• _Problem to solve_
If a line in the records below contains "Cover", copy that line.

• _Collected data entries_
☆ ☆ ☆ ☆
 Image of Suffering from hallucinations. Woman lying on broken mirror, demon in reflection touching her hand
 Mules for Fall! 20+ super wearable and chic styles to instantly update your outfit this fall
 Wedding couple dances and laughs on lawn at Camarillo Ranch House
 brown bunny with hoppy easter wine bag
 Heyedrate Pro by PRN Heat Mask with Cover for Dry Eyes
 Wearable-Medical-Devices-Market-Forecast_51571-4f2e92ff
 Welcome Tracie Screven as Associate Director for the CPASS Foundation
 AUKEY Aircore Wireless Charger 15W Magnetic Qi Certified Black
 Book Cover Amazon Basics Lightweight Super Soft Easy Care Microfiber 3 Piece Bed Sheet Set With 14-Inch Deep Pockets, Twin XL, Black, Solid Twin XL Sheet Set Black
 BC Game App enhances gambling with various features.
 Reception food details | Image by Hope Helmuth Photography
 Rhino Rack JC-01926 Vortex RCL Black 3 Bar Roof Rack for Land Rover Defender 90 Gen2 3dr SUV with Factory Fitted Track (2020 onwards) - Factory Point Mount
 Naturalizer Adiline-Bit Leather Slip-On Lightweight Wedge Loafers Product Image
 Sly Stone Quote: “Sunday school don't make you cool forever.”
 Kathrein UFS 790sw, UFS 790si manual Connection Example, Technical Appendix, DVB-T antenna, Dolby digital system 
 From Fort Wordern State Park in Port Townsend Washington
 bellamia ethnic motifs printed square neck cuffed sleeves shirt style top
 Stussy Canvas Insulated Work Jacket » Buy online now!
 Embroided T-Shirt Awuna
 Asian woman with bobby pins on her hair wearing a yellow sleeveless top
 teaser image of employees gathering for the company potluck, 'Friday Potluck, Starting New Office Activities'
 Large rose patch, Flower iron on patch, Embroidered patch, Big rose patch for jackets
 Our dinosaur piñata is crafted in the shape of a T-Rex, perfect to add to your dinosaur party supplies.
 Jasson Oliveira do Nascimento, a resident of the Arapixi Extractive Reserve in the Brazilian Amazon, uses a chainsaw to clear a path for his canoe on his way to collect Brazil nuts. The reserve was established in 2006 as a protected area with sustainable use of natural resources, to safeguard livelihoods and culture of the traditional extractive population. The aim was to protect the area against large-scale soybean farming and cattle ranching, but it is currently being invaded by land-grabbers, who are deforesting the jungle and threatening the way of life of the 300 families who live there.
☆ ☆ ☆ ☆
• _Answer for the task_
 Heyedrate Pro by PRN Heat Mask with Cover for Dry Eyes
 Book Cover Amazon Basics Lightweight Super Soft Easy Care Microfiber 3 Piece Bed Sheet Set With 14-Inch Deep Pockets, Twin XL, Black, Solid Twin XL Sheet Set Black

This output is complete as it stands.